→ TASK
Begin at the first line of the records below and, please, give each line again exactly until the line with "Equipment Rei Cashmere" is included.

→ WORKING DATA

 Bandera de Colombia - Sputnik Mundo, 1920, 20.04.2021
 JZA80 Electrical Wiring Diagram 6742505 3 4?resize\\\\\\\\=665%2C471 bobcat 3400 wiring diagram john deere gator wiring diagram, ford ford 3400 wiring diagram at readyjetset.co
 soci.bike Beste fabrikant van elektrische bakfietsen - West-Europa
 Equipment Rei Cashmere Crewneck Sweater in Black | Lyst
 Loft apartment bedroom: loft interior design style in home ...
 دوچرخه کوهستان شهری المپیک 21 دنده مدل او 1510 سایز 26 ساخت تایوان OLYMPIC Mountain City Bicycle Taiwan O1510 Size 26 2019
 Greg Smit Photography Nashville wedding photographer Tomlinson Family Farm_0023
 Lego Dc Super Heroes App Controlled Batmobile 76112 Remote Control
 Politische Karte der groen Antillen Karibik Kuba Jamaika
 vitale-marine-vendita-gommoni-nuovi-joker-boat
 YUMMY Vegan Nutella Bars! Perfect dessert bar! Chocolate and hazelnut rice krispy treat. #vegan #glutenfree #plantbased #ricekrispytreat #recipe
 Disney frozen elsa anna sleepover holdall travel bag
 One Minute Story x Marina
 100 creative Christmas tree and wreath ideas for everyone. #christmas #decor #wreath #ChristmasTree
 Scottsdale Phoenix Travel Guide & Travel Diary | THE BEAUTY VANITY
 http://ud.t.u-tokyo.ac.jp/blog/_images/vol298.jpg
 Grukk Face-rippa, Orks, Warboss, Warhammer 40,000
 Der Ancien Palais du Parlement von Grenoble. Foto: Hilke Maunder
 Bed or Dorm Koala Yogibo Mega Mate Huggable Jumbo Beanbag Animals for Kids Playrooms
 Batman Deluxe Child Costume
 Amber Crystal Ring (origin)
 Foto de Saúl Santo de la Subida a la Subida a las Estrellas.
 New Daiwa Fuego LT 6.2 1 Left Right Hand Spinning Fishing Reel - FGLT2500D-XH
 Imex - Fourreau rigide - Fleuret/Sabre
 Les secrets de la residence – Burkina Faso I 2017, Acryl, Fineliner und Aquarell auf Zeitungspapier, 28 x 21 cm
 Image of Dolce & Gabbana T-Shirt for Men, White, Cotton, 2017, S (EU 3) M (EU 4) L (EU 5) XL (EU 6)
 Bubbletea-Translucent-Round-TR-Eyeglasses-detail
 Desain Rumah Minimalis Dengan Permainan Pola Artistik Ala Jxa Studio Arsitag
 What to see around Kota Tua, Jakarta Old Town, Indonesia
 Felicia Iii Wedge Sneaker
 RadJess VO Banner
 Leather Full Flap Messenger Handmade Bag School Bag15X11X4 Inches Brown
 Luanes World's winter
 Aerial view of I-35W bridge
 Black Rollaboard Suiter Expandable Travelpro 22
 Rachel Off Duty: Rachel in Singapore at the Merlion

→ EXERCISE RESULT
 Bandera de Colombia - Sputnik Mundo, 1920, 20.04.2021
 JZA80 Electrical Wiring Diagram 6742505 3 4?resize\\\\\\\\=665%2C471 bobcat 3400 wiring diagram john deere gator wiring diagram, ford ford 3400 wiring diagram at readyjetset.co
 soci.bike Beste fabrikant van elektrische bakfietsen - West-Europa
 Equipment Rei Cashmere Crewneck Sweater in Black | Lyst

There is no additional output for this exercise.